- _Records shown_:
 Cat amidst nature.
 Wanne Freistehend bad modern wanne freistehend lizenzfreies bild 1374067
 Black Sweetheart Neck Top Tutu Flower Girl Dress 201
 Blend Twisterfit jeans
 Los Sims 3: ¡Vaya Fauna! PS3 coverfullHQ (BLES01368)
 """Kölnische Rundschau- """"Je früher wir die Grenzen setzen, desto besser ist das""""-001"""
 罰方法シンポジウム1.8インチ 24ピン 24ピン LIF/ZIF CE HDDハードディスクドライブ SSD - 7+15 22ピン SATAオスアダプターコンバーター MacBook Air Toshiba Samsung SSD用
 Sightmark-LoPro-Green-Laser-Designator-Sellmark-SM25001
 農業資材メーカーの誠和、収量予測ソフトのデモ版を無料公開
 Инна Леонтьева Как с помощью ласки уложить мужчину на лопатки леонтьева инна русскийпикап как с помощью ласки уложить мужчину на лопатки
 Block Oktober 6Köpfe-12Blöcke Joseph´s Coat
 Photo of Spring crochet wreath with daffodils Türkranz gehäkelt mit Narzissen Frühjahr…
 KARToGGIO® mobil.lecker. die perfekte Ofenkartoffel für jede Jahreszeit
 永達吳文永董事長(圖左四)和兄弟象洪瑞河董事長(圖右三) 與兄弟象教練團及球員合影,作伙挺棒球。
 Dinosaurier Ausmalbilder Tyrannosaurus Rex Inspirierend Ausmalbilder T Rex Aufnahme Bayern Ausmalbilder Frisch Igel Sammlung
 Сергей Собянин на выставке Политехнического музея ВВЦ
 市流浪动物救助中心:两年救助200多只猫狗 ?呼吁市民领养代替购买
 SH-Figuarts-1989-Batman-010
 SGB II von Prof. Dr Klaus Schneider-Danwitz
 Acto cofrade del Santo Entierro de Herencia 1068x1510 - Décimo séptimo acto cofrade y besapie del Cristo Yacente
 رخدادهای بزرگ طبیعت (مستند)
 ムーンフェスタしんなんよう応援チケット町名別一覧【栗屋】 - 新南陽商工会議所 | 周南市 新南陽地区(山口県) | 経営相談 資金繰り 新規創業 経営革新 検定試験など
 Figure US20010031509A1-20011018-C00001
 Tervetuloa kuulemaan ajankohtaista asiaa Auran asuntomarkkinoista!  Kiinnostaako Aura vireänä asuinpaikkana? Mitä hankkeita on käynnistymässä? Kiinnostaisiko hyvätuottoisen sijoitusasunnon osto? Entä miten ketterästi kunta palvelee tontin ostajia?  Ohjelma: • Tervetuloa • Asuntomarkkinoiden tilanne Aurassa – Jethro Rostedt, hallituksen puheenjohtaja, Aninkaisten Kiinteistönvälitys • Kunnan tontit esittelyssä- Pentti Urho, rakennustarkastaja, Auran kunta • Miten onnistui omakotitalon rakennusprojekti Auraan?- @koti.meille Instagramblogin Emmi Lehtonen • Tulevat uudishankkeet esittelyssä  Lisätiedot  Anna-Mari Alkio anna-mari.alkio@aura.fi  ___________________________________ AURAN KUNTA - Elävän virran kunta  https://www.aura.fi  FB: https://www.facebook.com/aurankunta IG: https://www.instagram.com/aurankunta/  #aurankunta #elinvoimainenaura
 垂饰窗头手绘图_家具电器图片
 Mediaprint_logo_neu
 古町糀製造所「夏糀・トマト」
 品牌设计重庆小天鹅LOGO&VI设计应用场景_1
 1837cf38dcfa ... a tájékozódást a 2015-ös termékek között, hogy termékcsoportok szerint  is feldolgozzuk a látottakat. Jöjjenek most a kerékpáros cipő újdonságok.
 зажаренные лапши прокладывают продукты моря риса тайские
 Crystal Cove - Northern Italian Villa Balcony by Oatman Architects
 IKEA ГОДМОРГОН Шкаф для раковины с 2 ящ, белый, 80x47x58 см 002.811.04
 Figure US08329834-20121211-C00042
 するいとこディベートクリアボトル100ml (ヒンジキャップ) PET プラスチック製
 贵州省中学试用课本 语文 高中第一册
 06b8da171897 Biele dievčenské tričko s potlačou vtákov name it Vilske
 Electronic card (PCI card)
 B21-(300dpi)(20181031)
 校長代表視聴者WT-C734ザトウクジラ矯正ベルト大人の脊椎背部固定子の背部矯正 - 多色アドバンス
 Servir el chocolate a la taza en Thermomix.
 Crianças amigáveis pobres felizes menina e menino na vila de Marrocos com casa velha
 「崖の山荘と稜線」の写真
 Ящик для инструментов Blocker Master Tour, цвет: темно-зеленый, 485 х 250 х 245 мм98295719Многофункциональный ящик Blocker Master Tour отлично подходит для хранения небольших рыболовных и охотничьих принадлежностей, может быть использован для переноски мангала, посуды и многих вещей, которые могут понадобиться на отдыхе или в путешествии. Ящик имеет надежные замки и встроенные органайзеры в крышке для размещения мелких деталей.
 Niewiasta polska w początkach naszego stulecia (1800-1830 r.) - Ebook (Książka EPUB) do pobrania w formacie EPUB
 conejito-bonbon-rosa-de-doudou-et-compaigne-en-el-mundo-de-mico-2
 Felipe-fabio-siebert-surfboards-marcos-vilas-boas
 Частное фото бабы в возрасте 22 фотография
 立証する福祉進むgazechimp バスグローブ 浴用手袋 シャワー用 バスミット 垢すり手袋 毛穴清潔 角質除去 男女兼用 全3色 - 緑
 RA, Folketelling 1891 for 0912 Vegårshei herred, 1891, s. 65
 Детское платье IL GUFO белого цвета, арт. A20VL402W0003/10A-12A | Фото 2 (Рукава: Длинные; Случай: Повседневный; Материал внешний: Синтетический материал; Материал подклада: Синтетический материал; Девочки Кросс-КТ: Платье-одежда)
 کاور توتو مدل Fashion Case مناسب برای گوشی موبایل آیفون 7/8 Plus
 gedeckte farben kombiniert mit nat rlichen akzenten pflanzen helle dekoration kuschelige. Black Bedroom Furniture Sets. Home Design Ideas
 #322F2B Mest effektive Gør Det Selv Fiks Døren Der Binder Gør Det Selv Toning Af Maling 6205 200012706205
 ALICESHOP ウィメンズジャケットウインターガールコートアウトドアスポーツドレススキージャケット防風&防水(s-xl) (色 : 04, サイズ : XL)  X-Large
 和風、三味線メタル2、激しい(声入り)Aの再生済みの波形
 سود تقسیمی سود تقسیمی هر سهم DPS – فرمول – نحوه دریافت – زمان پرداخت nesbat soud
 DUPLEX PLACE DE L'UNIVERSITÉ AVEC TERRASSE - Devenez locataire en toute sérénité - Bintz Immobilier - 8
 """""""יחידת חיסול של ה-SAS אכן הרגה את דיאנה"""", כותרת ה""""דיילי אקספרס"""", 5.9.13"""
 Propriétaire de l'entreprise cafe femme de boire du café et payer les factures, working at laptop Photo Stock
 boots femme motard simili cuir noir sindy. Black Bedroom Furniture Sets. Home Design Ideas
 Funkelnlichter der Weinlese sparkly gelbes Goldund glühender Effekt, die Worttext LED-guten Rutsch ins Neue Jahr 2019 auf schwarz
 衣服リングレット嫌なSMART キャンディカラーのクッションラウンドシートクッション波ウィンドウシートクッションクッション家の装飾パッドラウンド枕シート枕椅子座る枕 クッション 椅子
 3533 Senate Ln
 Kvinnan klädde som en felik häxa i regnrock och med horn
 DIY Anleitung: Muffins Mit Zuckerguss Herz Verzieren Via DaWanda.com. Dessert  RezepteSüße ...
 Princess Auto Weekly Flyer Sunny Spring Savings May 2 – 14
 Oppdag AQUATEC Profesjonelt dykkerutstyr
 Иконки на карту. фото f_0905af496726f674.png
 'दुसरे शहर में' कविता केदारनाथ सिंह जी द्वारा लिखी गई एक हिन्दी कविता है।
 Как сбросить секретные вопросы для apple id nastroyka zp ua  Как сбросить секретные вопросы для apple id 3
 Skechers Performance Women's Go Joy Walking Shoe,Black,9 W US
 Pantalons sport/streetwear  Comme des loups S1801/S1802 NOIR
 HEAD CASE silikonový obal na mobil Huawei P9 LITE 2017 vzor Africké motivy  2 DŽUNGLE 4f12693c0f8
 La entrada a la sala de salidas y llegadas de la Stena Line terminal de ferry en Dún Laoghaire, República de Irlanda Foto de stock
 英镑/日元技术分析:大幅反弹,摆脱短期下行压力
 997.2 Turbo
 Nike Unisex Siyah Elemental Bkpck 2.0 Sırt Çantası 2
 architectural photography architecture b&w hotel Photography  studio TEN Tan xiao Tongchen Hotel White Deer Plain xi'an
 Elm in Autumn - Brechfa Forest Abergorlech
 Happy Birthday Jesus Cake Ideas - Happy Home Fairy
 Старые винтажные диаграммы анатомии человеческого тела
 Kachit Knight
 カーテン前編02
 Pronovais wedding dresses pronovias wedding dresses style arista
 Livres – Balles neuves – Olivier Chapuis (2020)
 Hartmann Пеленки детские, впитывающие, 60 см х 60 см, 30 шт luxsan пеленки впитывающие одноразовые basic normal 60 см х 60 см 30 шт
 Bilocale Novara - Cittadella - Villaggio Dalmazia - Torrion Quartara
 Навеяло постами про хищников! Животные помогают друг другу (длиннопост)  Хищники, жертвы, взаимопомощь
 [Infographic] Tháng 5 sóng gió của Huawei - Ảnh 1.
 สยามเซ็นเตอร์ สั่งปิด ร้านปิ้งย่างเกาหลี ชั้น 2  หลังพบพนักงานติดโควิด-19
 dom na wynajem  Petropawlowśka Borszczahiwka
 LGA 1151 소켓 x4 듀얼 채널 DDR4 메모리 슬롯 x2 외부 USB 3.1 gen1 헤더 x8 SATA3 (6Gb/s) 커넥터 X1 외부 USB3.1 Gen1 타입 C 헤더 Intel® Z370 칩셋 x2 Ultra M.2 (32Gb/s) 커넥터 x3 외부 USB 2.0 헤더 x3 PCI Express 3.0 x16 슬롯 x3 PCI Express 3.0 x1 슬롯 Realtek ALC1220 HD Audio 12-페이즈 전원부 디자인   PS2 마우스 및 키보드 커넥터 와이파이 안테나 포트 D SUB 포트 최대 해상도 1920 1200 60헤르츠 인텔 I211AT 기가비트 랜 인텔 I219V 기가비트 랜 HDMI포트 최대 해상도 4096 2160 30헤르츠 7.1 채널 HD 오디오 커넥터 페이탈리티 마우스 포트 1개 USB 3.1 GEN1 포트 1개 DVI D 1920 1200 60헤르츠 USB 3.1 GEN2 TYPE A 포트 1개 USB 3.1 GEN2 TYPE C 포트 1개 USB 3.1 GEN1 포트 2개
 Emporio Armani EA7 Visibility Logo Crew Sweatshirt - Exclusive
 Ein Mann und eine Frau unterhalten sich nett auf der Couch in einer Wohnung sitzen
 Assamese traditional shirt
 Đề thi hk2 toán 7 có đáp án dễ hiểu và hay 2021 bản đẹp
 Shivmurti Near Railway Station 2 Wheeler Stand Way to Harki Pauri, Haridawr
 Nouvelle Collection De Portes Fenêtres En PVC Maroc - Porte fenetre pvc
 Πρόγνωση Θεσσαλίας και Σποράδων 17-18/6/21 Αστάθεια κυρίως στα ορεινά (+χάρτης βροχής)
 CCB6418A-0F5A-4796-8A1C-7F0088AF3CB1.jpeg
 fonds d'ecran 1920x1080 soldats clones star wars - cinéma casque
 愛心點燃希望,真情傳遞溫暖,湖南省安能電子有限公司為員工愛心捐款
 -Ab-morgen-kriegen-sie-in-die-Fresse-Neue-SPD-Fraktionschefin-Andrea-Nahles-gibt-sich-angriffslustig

- _Task prompt_: Word for word, repeat the line holding "CCB6418A-0F5A-4796-8A1C-7F0088AF3CB1.jpeg" and all lines after it through the end of the entries above.

- _Exercise response_:
 CCB6418A-0F5A-4796-8A1C-7F0088AF3CB1.jpeg
 fonds d'ecran 1920x1080 soldats clones star wars - cinéma casque
 愛心點燃希望,真情傳遞溫暖,湖南省安能電子有限公司為員工愛心捐款
 -Ab-morgen-kriegen-sie-in-die-Fresse-Neue-SPD-Fraktionschefin-Andrea-Nahles-gibt-sich-angriffslustig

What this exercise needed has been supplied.